The flight is uneventful except for one announcement from the crew supervisor: ‘If anyone has change of a fifty euro note would they make themselves known to one of the cabin crew.’ They are tight. I sit next to someone I vaguely recognise from Irish politics. I take a second look at the only guy in a suit and risk all.
‘Are you a TD?’ I ask.
‘MEP.’
Myself and an Irish MEP discuss low fares airlines. He seems to be a fan of the concept.
‘I receive a fixed EU allowance to travel to Brussels. I only paid forty euro today. I keep the rest.’
I tell him I’m writing a book about this airline and others and he likes the idea. I agree to send him a copy if it sees the light of day. He offers to attend the book launch and say a few words. I wonder will he? We exchange business cards. A few months later I get a personal invite to his Golf Day. I don’t play golf.
After one hour the eastern coastline of Ireland is in view, with the undulating hills and pastures of Wicklow sweeping seamlessly towards the finest coastal residences of Killiney and Dalkey, home to Bono, The Edge, Enya, Eddie Irvine and Neil Jordan, and of course little old me. We cruise over Dublin Bay, past lush golf courses and white sands to touch down on cue. Ireland never looked so good.
We land in Dublin at 18.10, twenty minutes ahead of our scheduled arrival time. What with the one-hour time difference, I think we landed before we took off, which is surely impossible. I’m amazed, since this is an Irish airline. Sure, we’re always late for everything. Stephen Hawking’s weighty tome called A Brief History of Time was not a great seller in Ireland. Oscar Wilde once remarked there’s no point in being on time for anything in Ireland since there will be no one else there to appreciate it. The poet Patrick Kavanagh advised there were thirty words in the Irish language equivalent to the Spanish mañana but none conveys the same sense of urgency. When God made time here, sure didn’t he make plenty of it.
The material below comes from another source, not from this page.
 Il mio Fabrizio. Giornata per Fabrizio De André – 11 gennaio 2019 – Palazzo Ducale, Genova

Inside the terminal building at passport control, our queue is stopped by the officer sitting in the box.
‘Where are you travelling from today, madam?’ he asks the elderly lady ahead of me.
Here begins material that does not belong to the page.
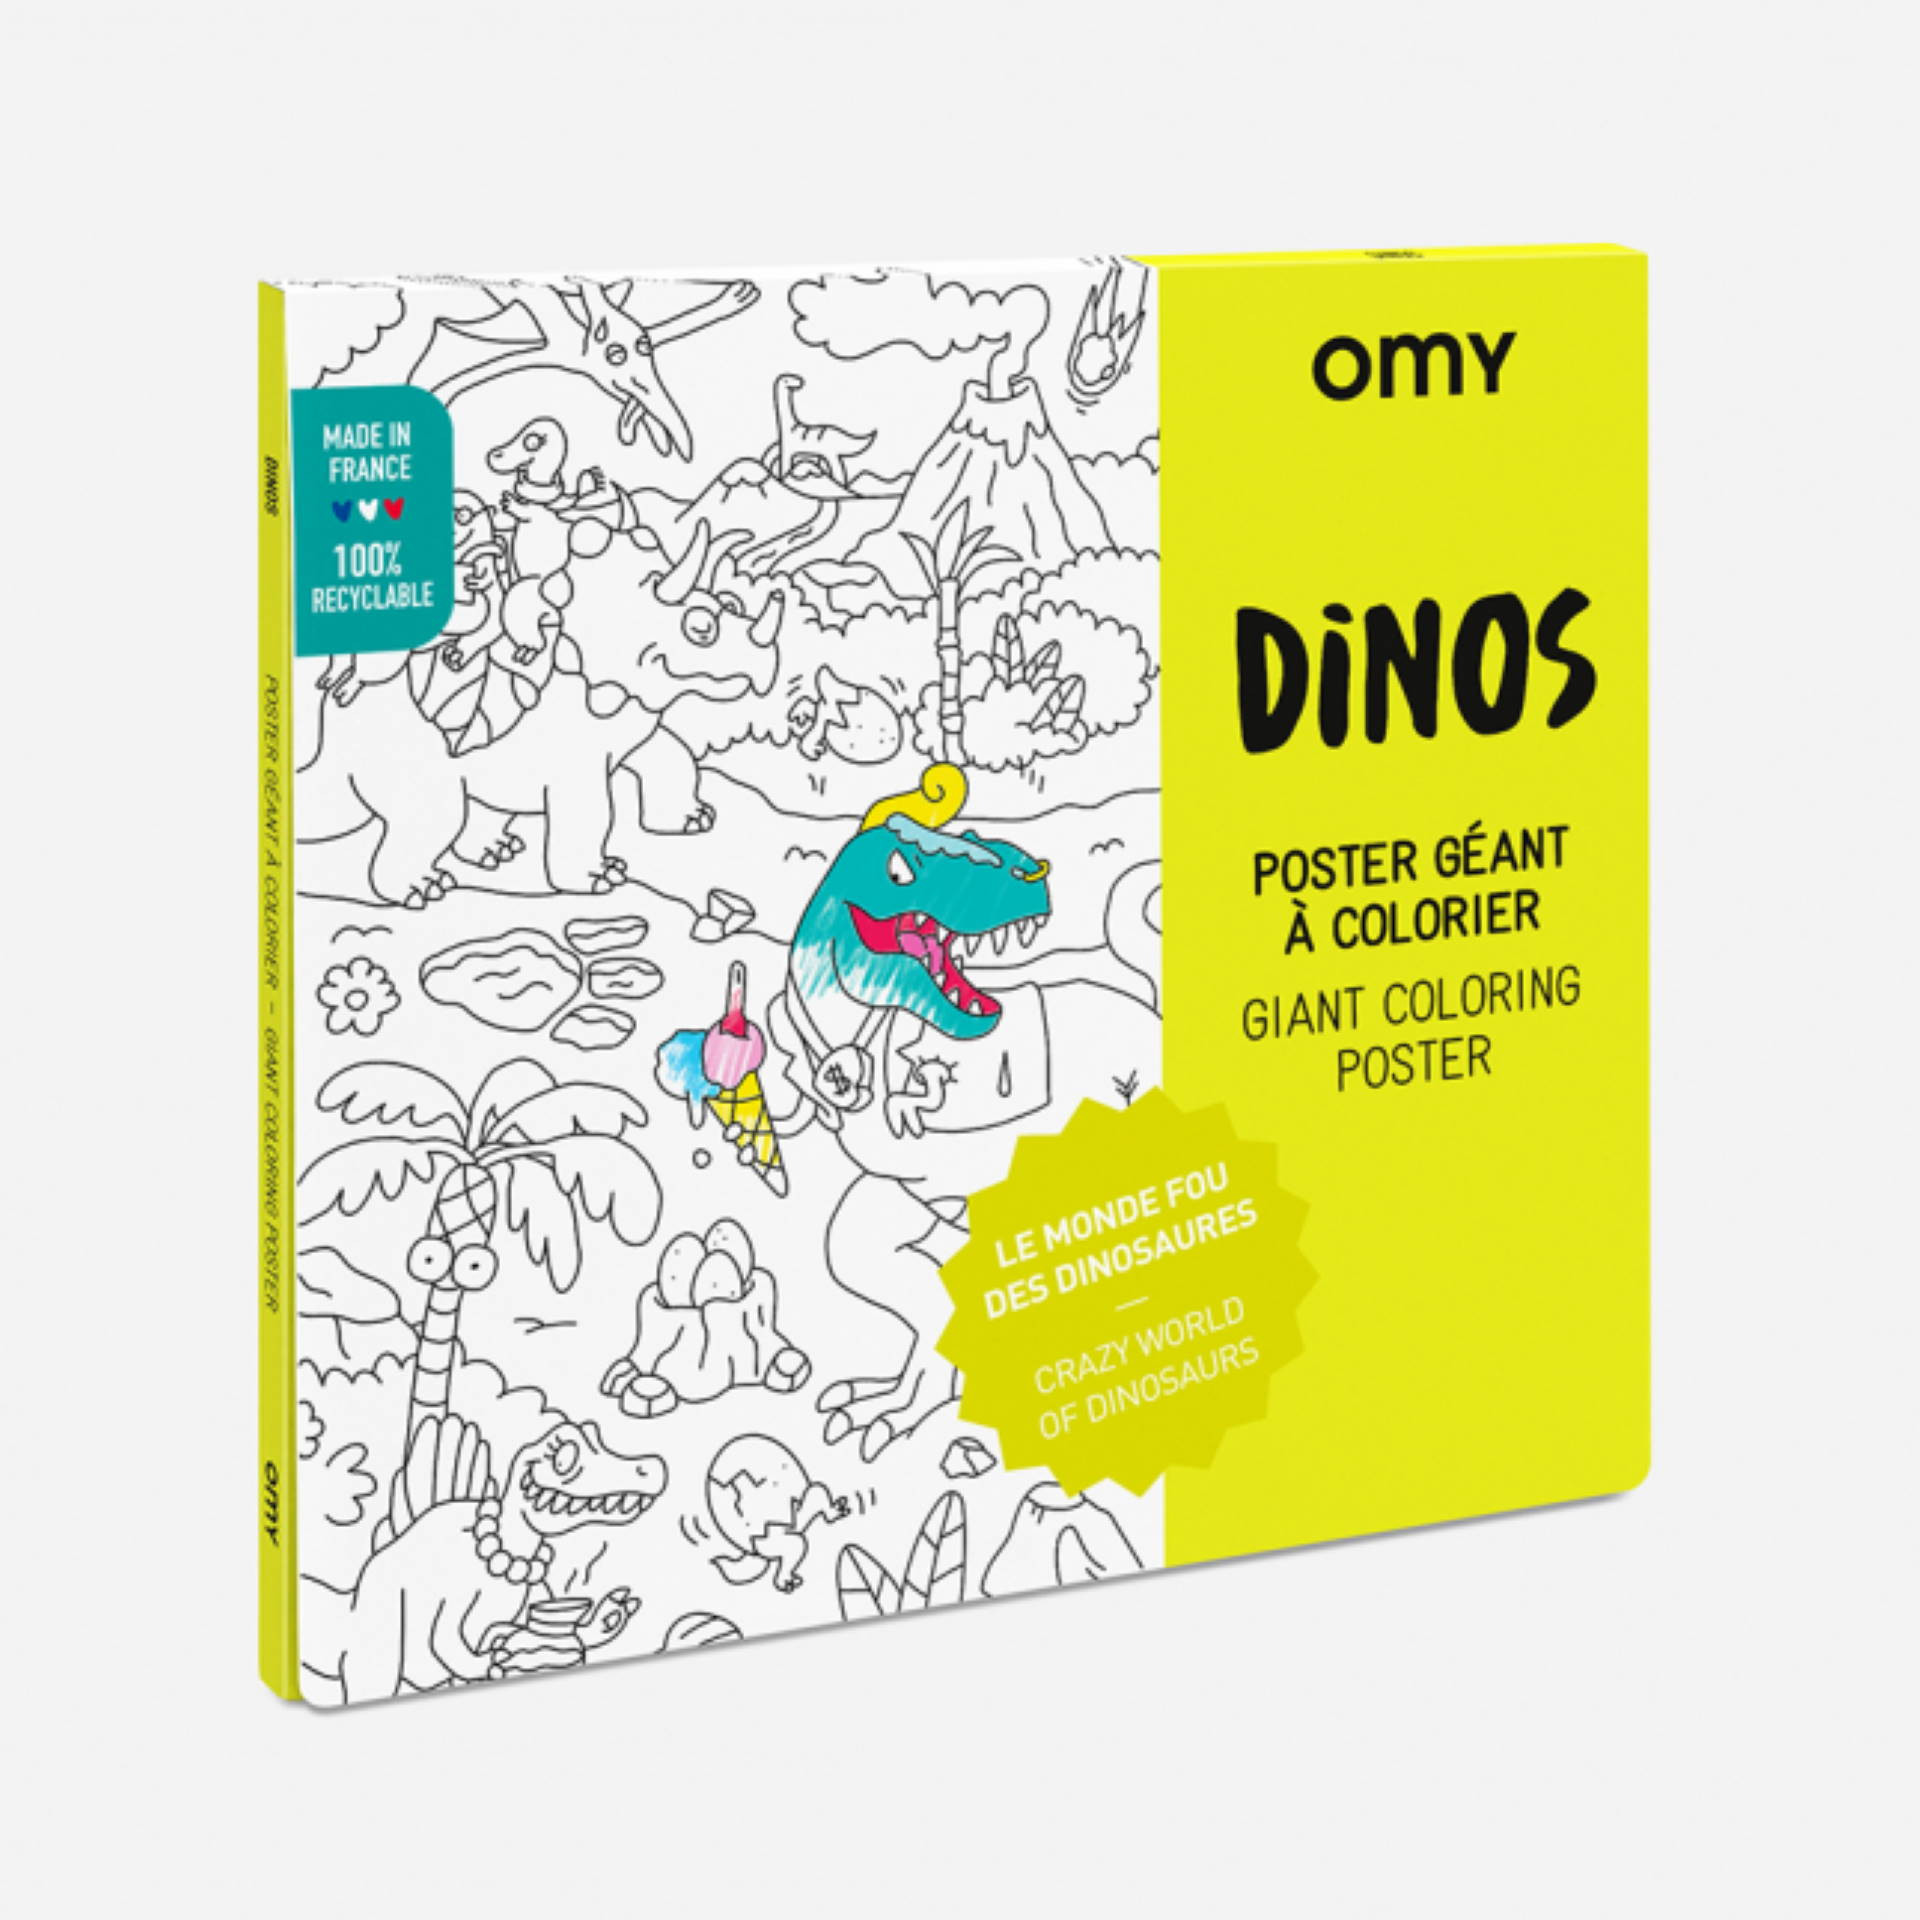 Poster géant à colorier Dinosaure – OMY

‘From Murcia. In Spain,’ she replies.
That should be sufficient information but it’s not. ‘Did you have a pleasant time?’
What? She nods. ‘Yes, it was good enough. Weather was a bit mixed. Cloudy for a few days.’
‘But you enjoyed the break?’ he perseveres.
Jesus Christ. The rest of us need to get home sometime today. ‘Yes, it was nice.’
That must be it. But not so. ‘Would you go back there?’
‘Ah, I think I would. But not this year. Maybe next year.’
They don’t know each other. I am sure of that. ‘Right then, all the best.’
‘Thanks again.’
He bids her fond farewell. ‘Safe home.’
Next it’s my turn. I am dreading another Spanish inquisition. He gives my passport a quick glance. ‘Fine, Paul.’ I mean, I don’t know him or anything either. I don’t travel that much. It’s only an Irish welcome.
I am beginning to understand the real challenge I have set myself. It’s not the getting there and back that’s the difficult part. It’s having to spend time in these continental places much beloved by Ruinair.